Flávio Bolsonaro em entrevista à TV Record Foto: Reprodução/TV Record

Os registros são de manifestações contra o impeachment da presidente cassada Dilma Rousseff, em março de 2016. Em nota enviada ao Estadão Verifica, o MPRJ confirmou que as imagens mostram promotores do Ministério Público de Minas Gerais (MPMG). Ao fazer uma busca por imagens com as palavras-chave “MP contra o golpe” é possível encontrar outras evidências que corroboram este fato: uma publicação do site Jornal GGN e um tweet de um perfil verificado de Belo Horizonte.

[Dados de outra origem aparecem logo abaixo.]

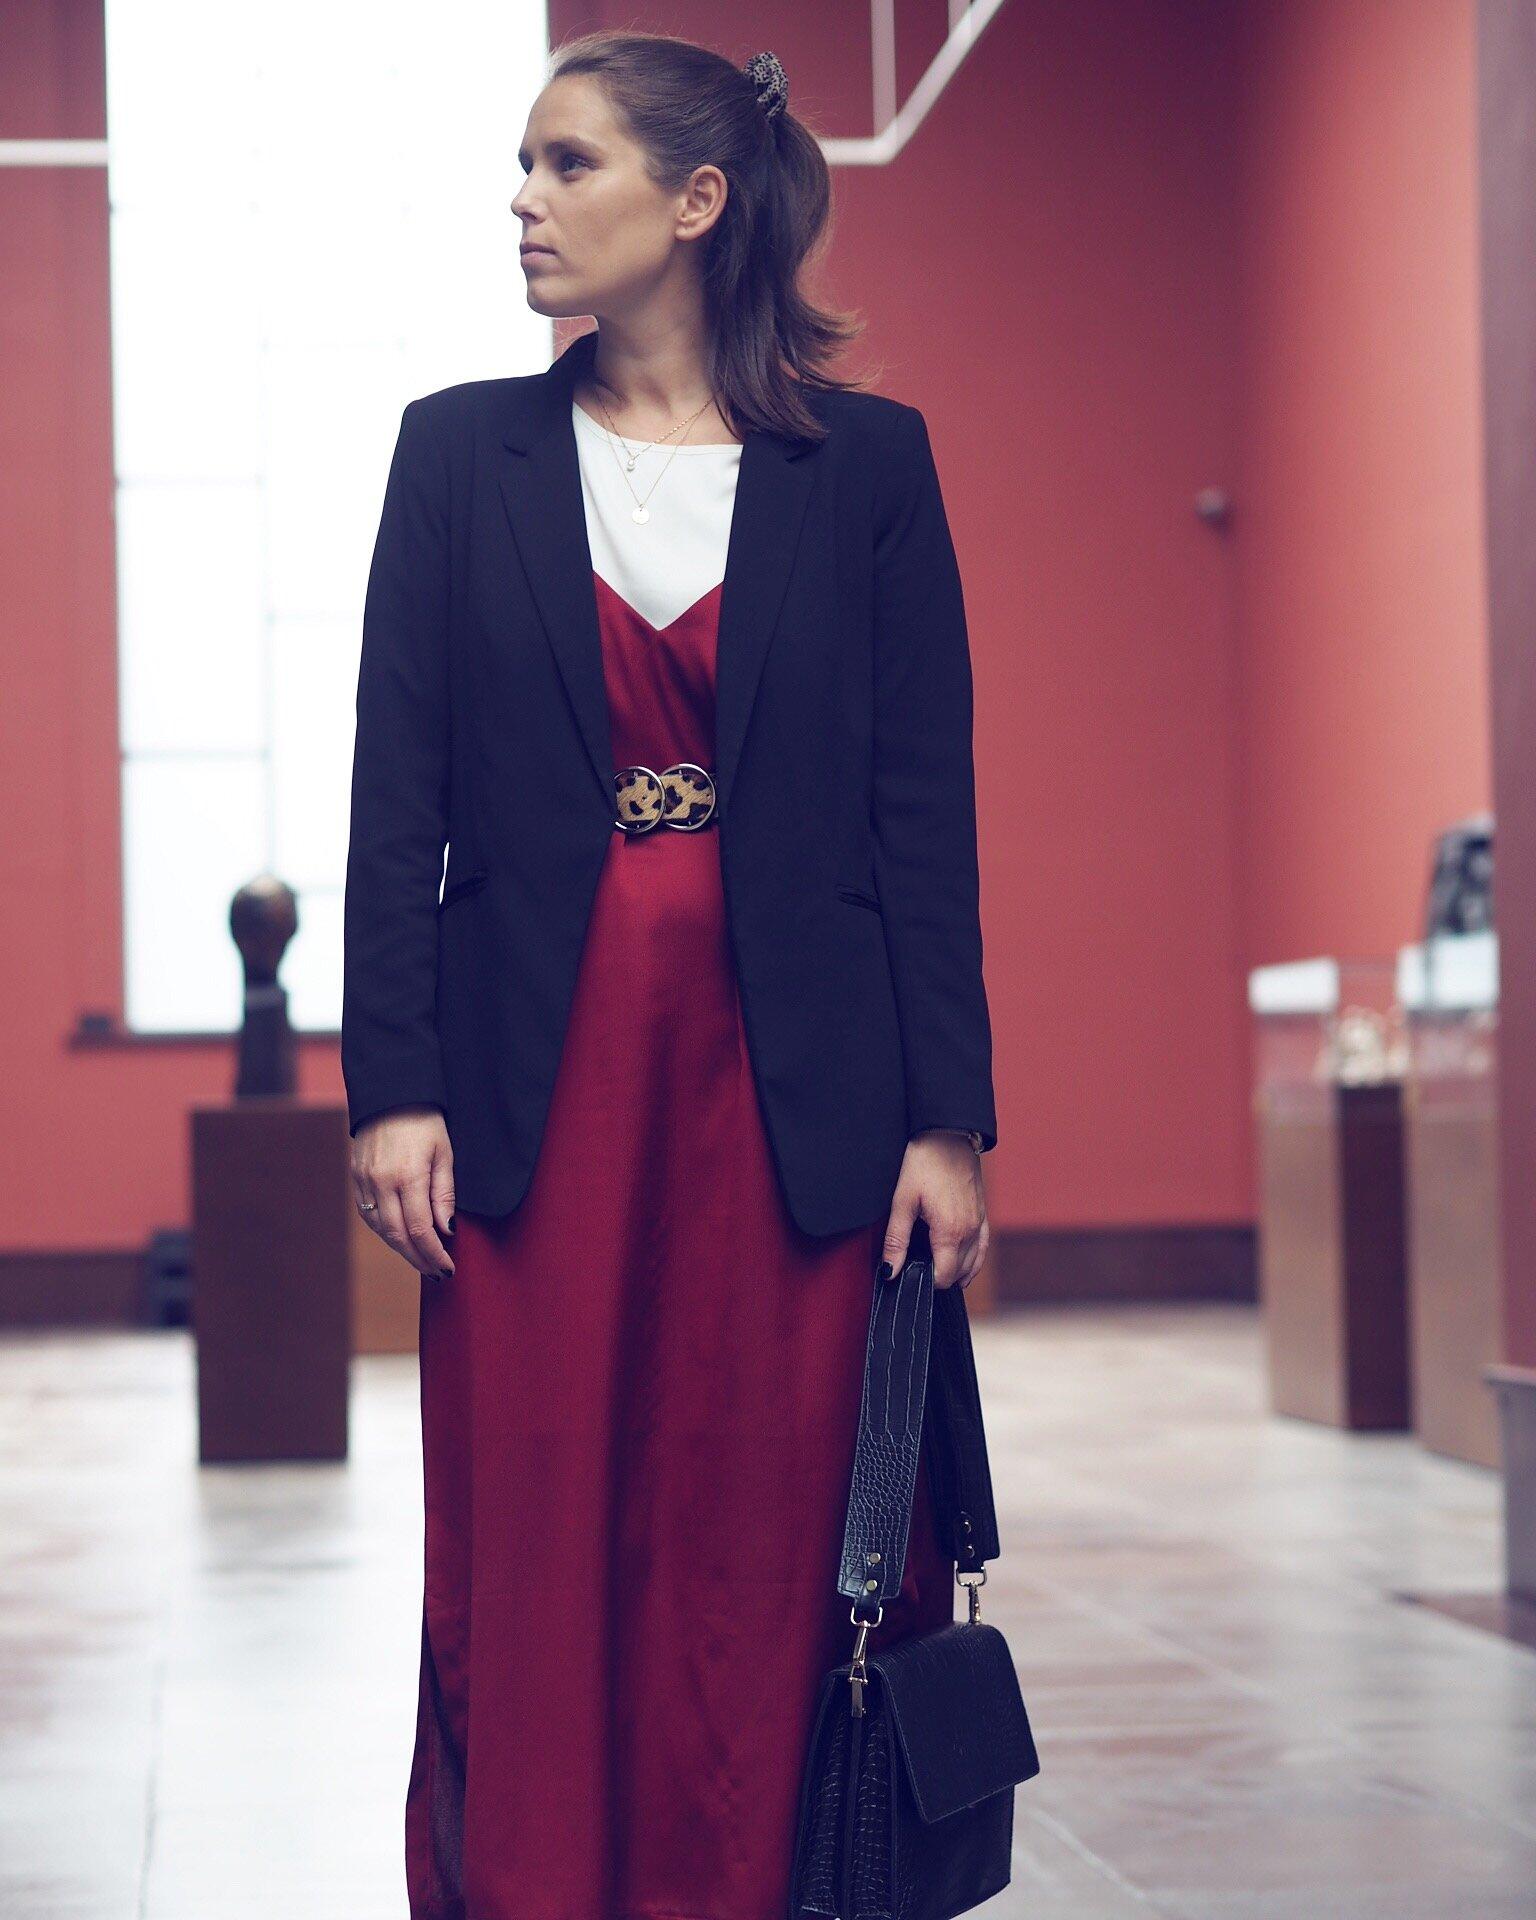 Dress: Lindex - Belt: River Island - Purse: Amica Studios // Photo cred: Nina Isabell Abrahamsen

O próprio Flávio Bolsonaro repercutiu, em entrevista à Rede TV neste domingo, 20, as imagens com contexto falso. “Está circulando imagem de supostos promotores com camisas dizendo ‘sou do MP e sou contra o golpe’. É uma clara evidência de simpatia com o PT”, disse. “Na verdade, estão vendendo uma narrativa de que meu ex-assessor (Fabrício Queiroz) que pegava tudo (salário de assessores) e depositava na minha conta”, completou.

O procurador geral do MPERJ, Eduardo Gussem, afirmou nesta segunda-feira, 21, que o filho do presidente Jair Bolsonaro e outros 26 deputados estaduais fluminenses citados em relatório do Conselho de Controle de Atividades Financeiras (Coaf) são investigados na esfera civil por suspeita de improbidade administrativa.

Trechos de um documento do Coaf revelados na última semana pelo Jornal Nacional, da TV Globo, mostraram que Flávio Bolsonaro recebeu em sua conta pessoal 48 depósitos de R$ 2 mil feitos em um caixa eletrônico da Alerj e pagou R$ 1.016.839 de um título bancário da Caixa.

O Coaf também apontou que movimentações financeiras atípicas nas contas de Fabrício Queiroz atingiram R$ 7 milhões entre os anos de 2014 e 2017, segundo informou o colunista Lauro Jardim na edição deste domingo, 20, do jornal O Globo.